Tashkent as Crossroads of Revolutionaries, 1918–1922

Thu24 Jul11:25am(20 mins)
Where:
Room 2
Presenter:
Adeeb Khalid

Authors

Adeeb Khalid11 Carleton College, United States

Discussion

In 1920, Tashkent was a crossroads of revolutions. The Russian revolution had energized and radicalized many Muslims in the Russian empire, while the chaotic end of the Great War had thrown open borders that had been largely stable since the 1880s. Tashkent was the scene of feverish activity among local Muslims who had joined the new regime and hoped to mould it to their own ends. Overthrowing empire, locally and worldwide, shaped their political aspirations and the political and intellectual life of the city was abuzz with ideas of a global anticolonial struggle. They were joined by numerous other groups, each discontented with the status quo in their societies: Ottoman prisoners of war seeking to return to Anatolia; emissaries of the anti-Entente resistance in Anatolia; Iranians seeking solutions to their country’s fragmentation; and, finally, hundreds of Indians, the vast majority of them Muslim, seeking to cast off British rule in India.

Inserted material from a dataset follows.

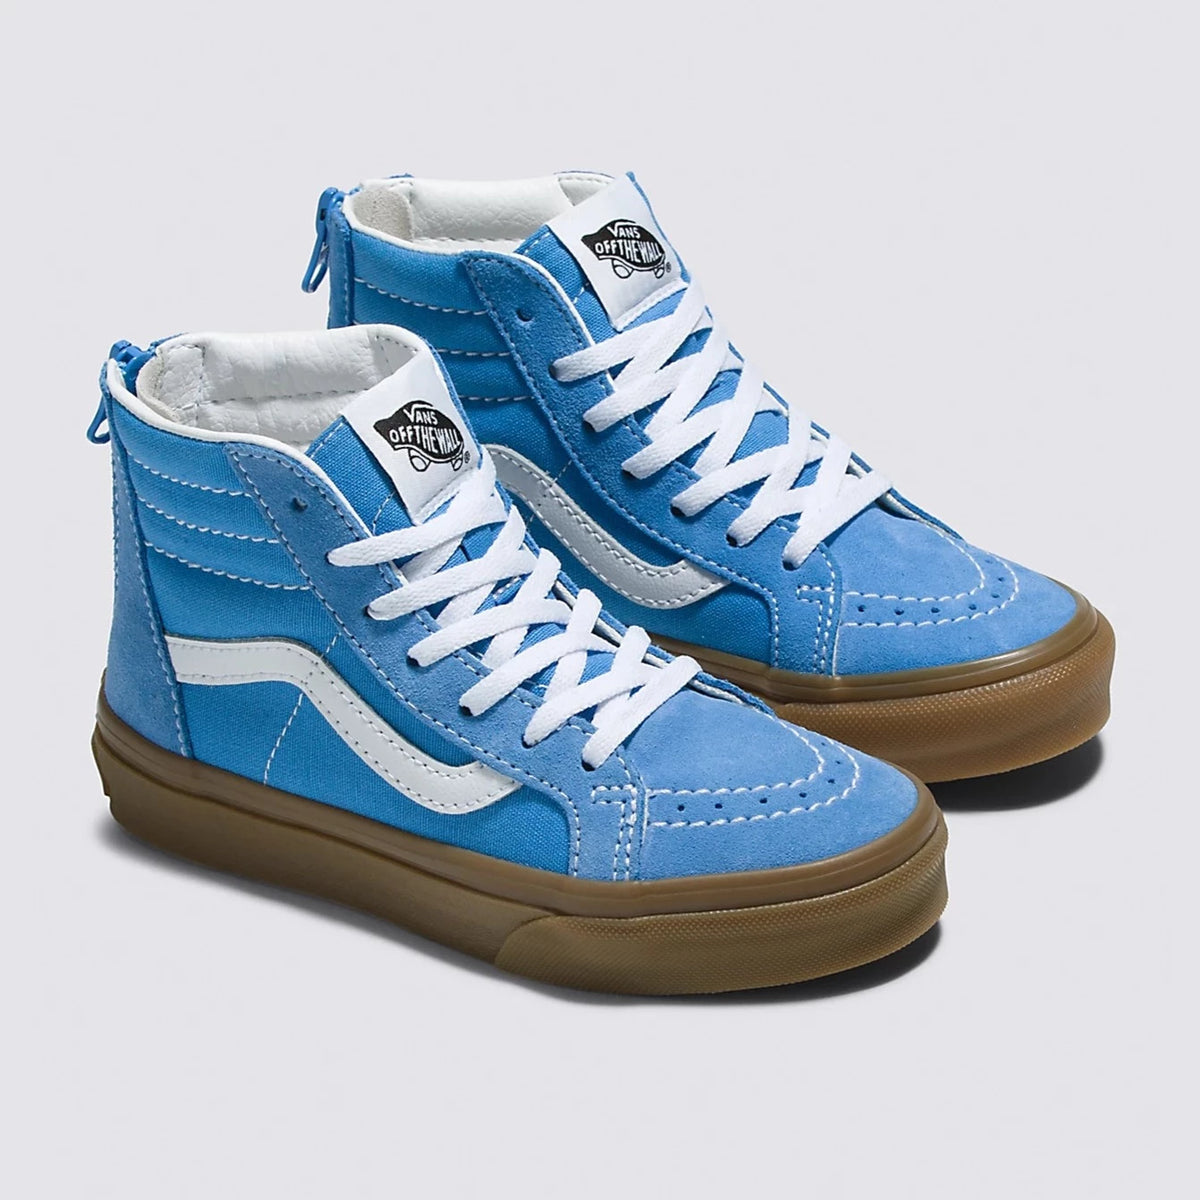 Vans Azure Blue Gum SK8-Hi Zip Shoe for Toddlers & Youth

     Based on extensive research in archives in Tashkent and Moscow, this paper will focus on the Indian revolutionaries and their experience with other Muslims. It was a moment of radical transnational anticolonialism that created both solidarities and mutual incomprehension, as different groups pursued analogous but distinct goals. The moment was short lived but it can tell us a lot about the multiple ways in which revolution was understood by anticolonial Muslims at that time.